Any suggestions for what I'm doing wrong?

In case it's important, I'm building jqassistant from the HEAD of master. But the behaviour seems identical in 1.0.0.

thanks!

-Alistair

Michael Hunger

unread,
Sep 5, 2015, 6:09:33 AM9/5/15
to jqass...@googlegroups.com
Cool stuff Alistair.

As classes in different jar artifacts can be different - imagine scanning a maven repo with different versions or a project which incorrectly refers to different versions of the same library

It would prob make sense to unify them if the artifacts/classes have the same name and hash same for jars.

Right now it might be a solution to limit the query to a single artifact?

Are your querying for a single module or across the project?

Otherwise Dirk, is it possible to mark the classes differently that are declared in a module directly?


Von meinem iPhone gesendet
--
You received this message because you are subscribed to the Google Groups "jQAssistant" group.
To unsubscribe from this group and stop receiving emails from it, send an email to jqassistant...@googlegroups.com.
To post to this group, send email to jqass...@googlegroups.com.
Visit this group at http://groups.google.com/group/jqassistant.
To view this discussion on the web visit https://groups.google.com/d/msgid/jqassistant/78ff3396-cc6b-4920-9e87-cbbaafb9f48a%40googlegroups.com.
For more options, visit https://groups.google.com/d/optout.

Dirk Mahler

unread,
Sep 5, 2015, 6:42:11 AM9/5/15
to jQAssistant
Hi Alistar,

thanks for playing with jQA ;-) I think the result of the following queries will make the data structures more clear:

match (a:Artifact)-[:CONTAINS]->(t:Type) return a.fileName, t.fqn, labels(t) limit 20

and

match (a:Artifact)-[:REQUIRES]->(t:Type) return a.fileName, t.fqn, labels(t) limit 20

In your case you'll see that a specific class is only contained in one JAR file but there are plenty of other JARs that require it.
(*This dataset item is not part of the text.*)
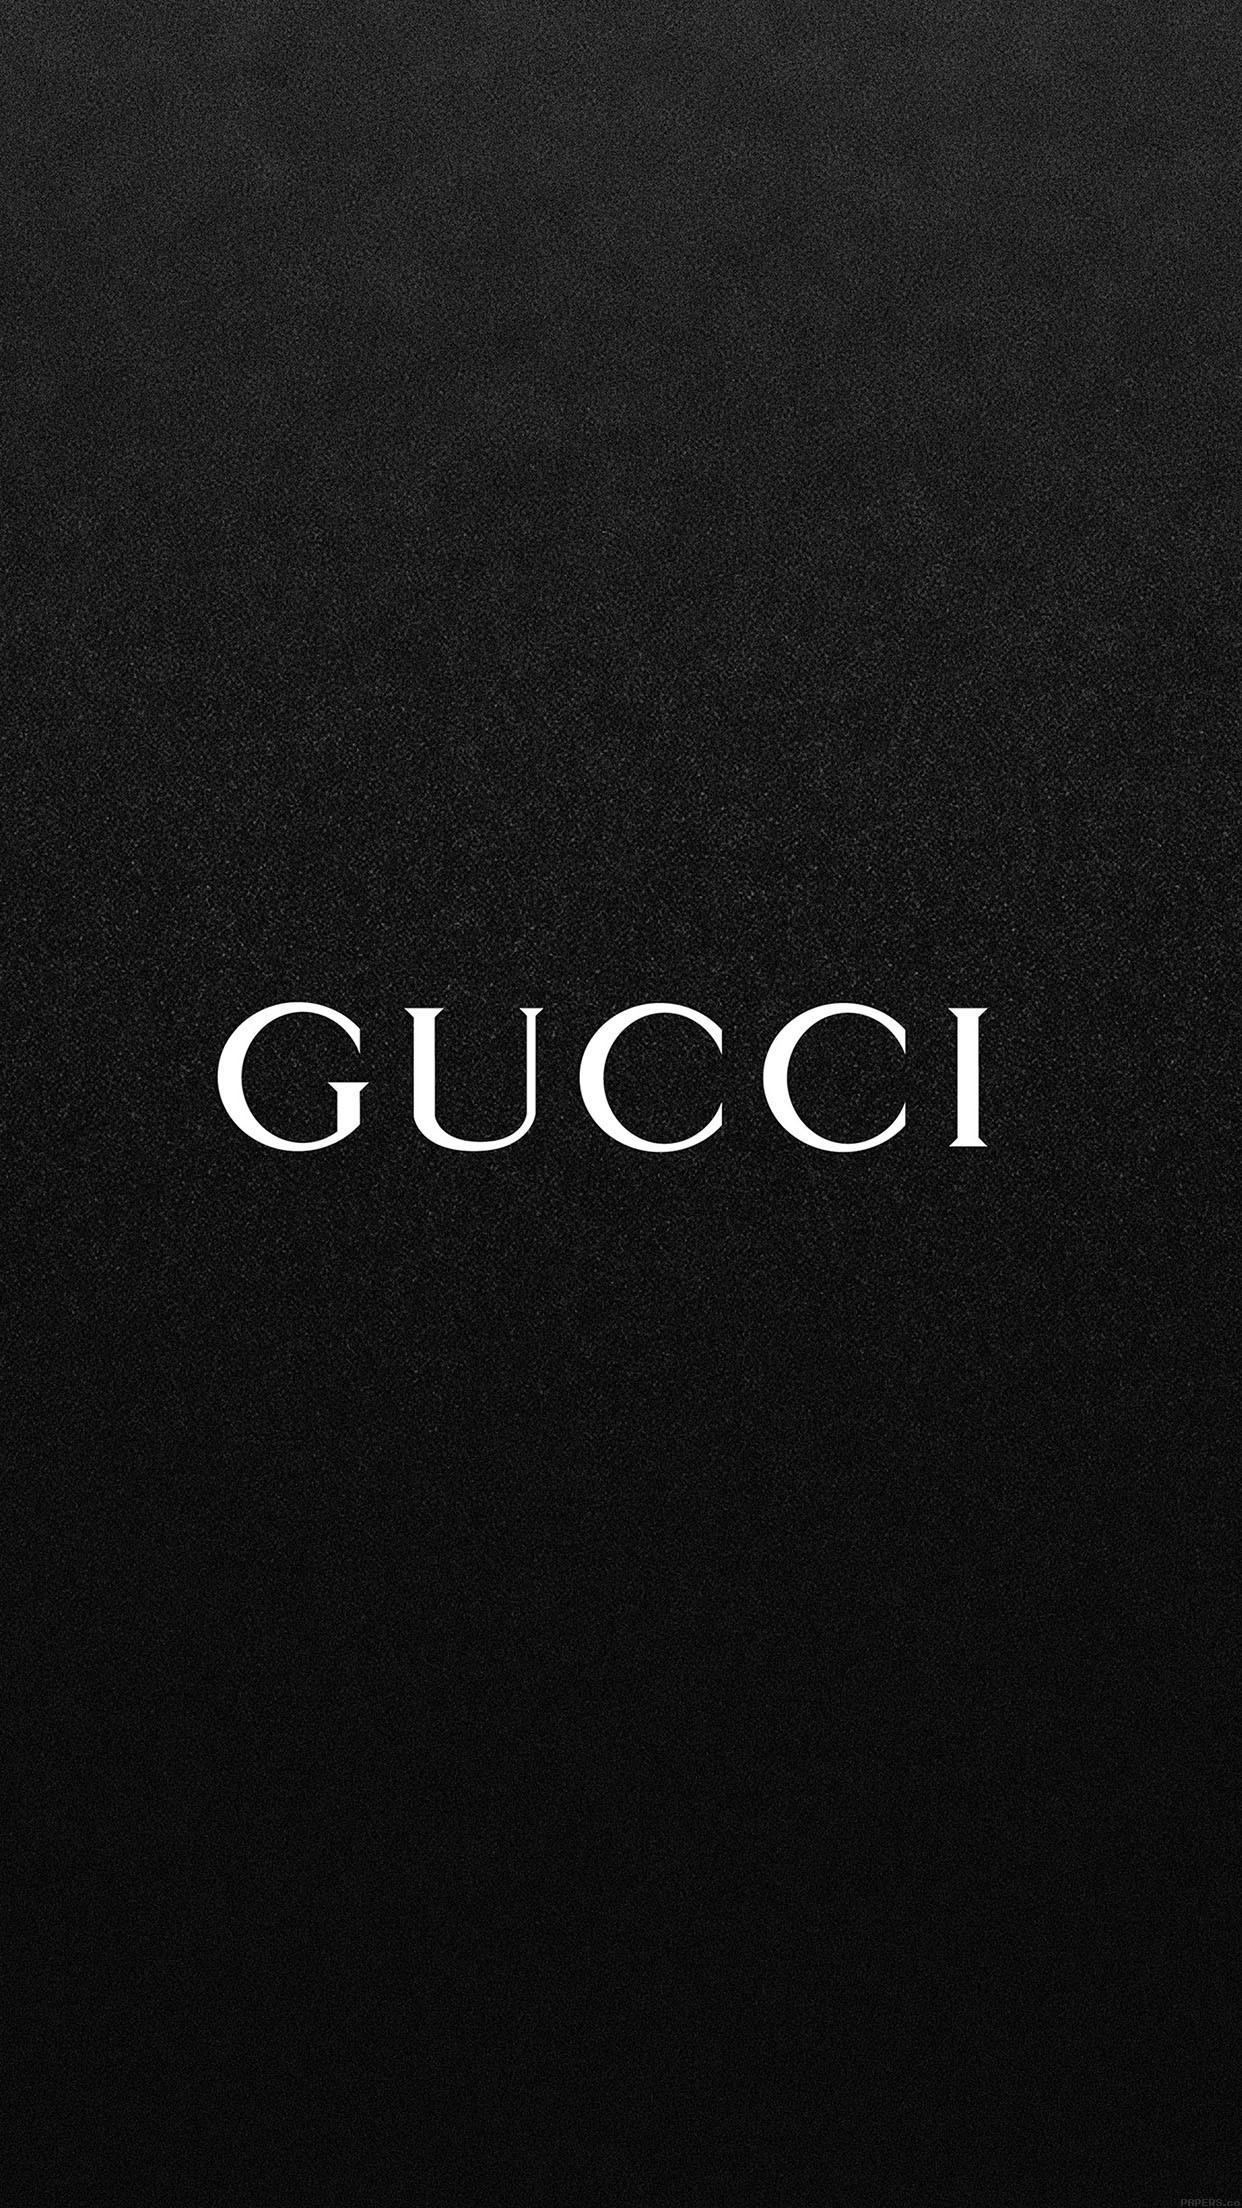 Luxury Gucci Wallpaper for iPhone X, 6 Download

The required type nodes are just empty templates (i.e. only labeled with type and the fqn property) whereas the contained type nodes also carry a label telling you which concrete type you're looking at (i.e. class, interface, enum or annotation) and all the properties and relations needed to describe the type.

As Michael pointed out it is hard to decide which of the scanned JAR artifacts will be deployed together in a runtime environment, therefore the resolution is scoped to the containing artifact while scanning. If you know that you scanned a bunch of files that are part of one application (which is the case for you if you took the Neo4j JARs) then you can apply a so called concept that will resolve the dependencies. After scanning run the following command:

jqassistant.sh analyze -concepts classpath:resolve

As a result you'll see that now relations like DEPENDS_ON, INVOKES, READS and WRITES have been created between type nodes which are not contained in the same artifact.  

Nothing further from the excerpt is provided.